Work to be completed: What you give back should be exactly the lines from the one with "Light grey sweater" through the final line of the material, pictures removed; please add nothing.

Input data:
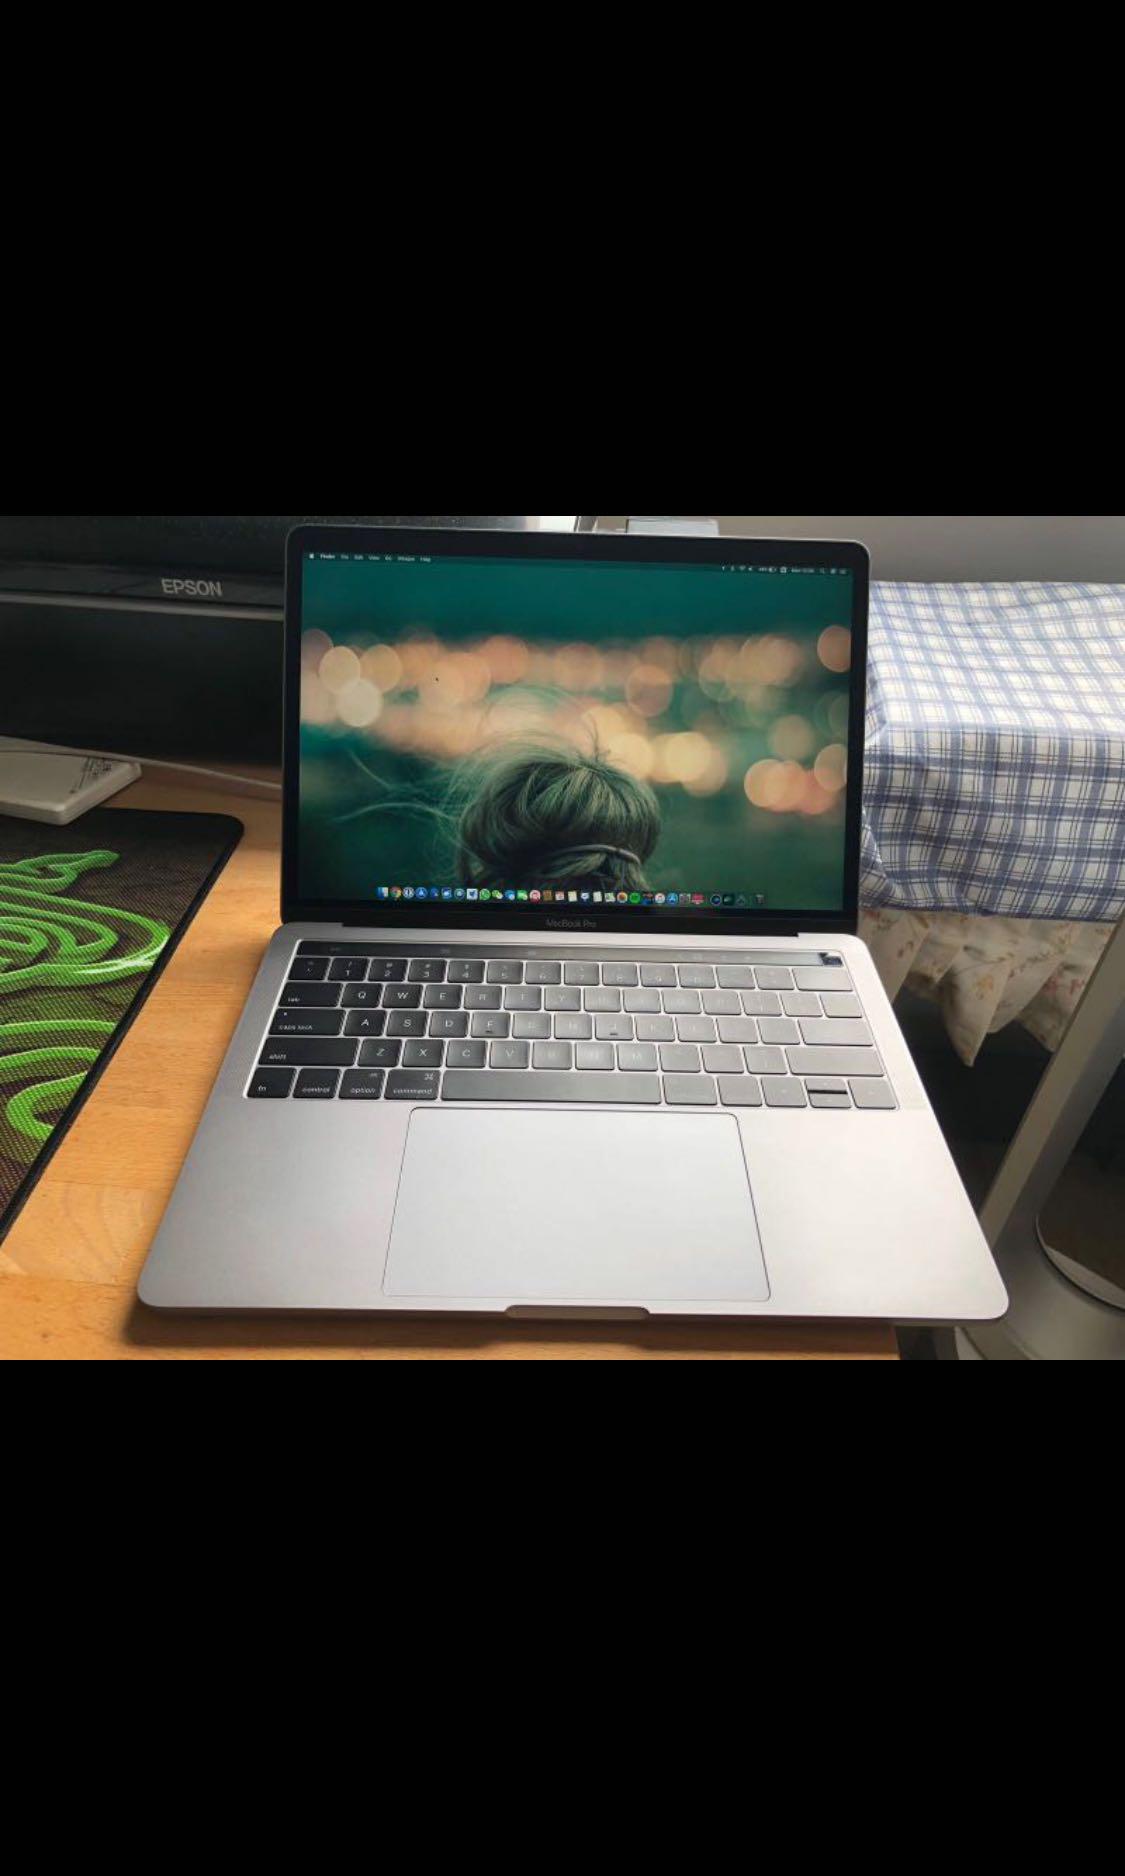 Macbook Pro 13 Inch Late 16 Four Thunderbolt 3 Ports Electronics Computers Laptops On Carousell
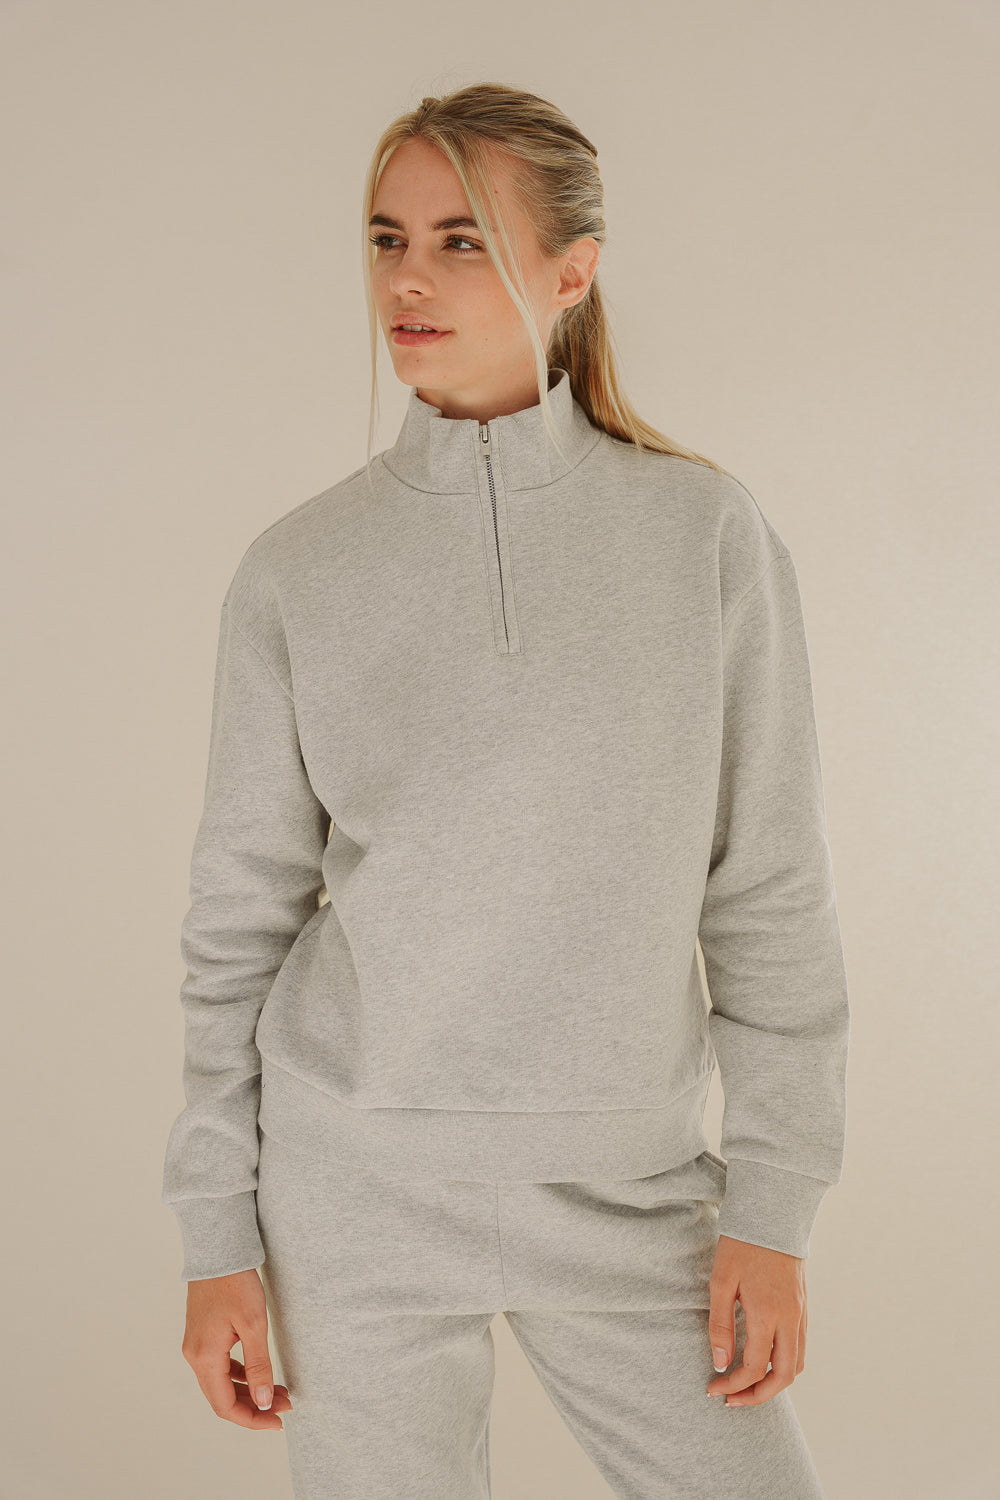 Light grey sweater made from 100% organic cotton by Pura Clothing
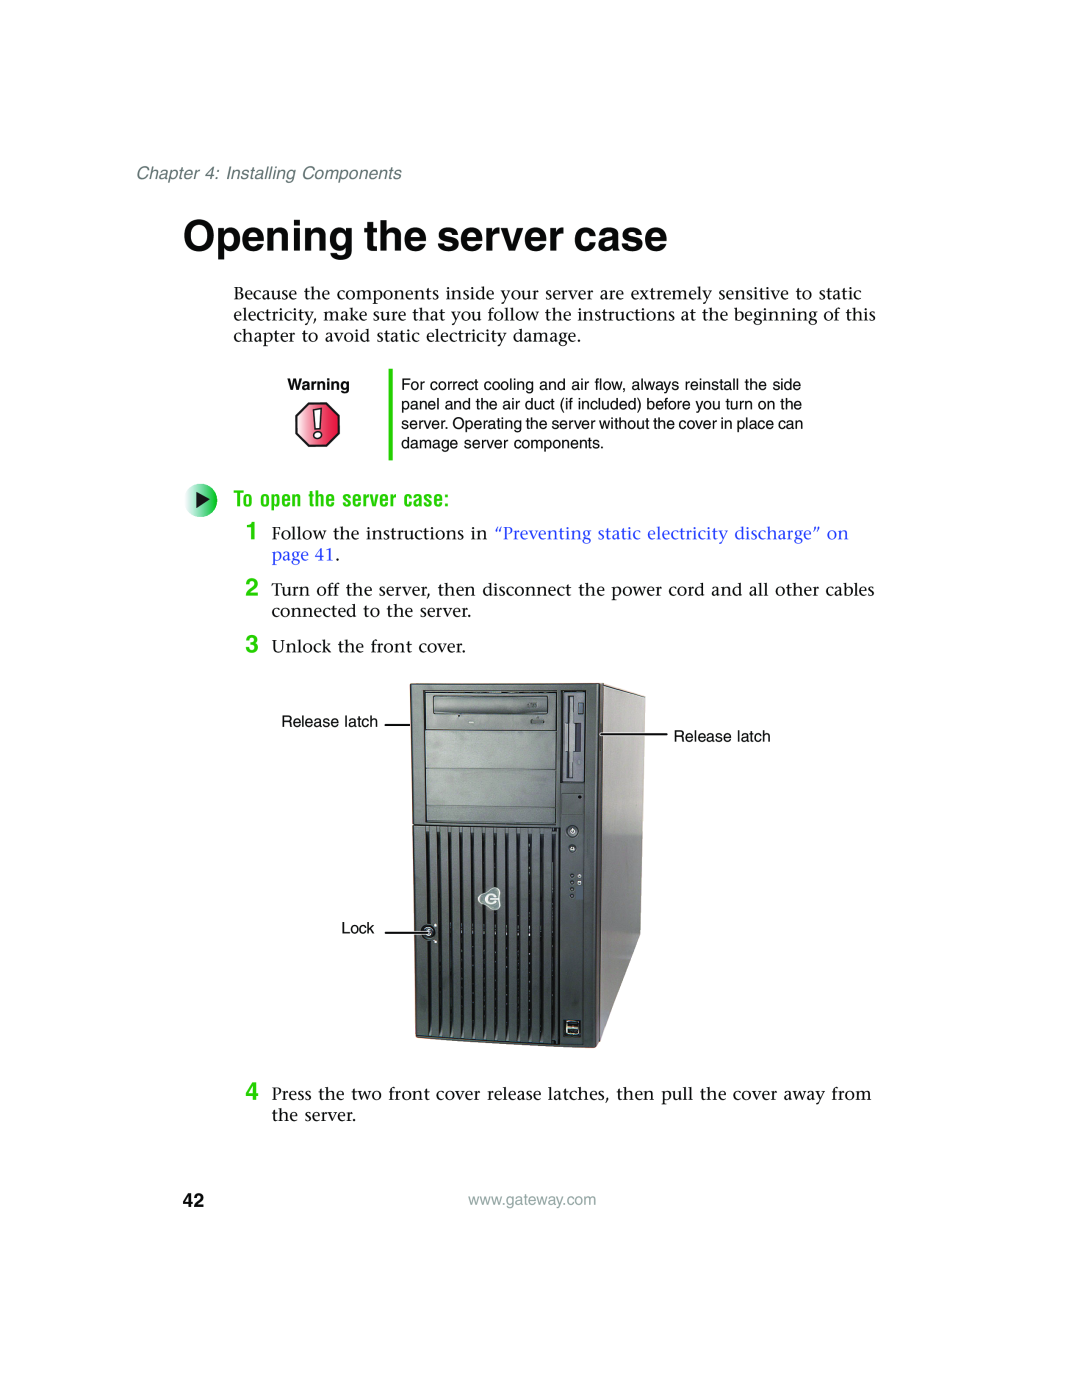 Gateway 960 manual Opening the server case, To open the server case, Installing Components

Your response:
 Light grey sweater made from 100% organic cotton by Pura Clothing
 Gateway 960 manual Opening the server case, To open the server case, Installing Components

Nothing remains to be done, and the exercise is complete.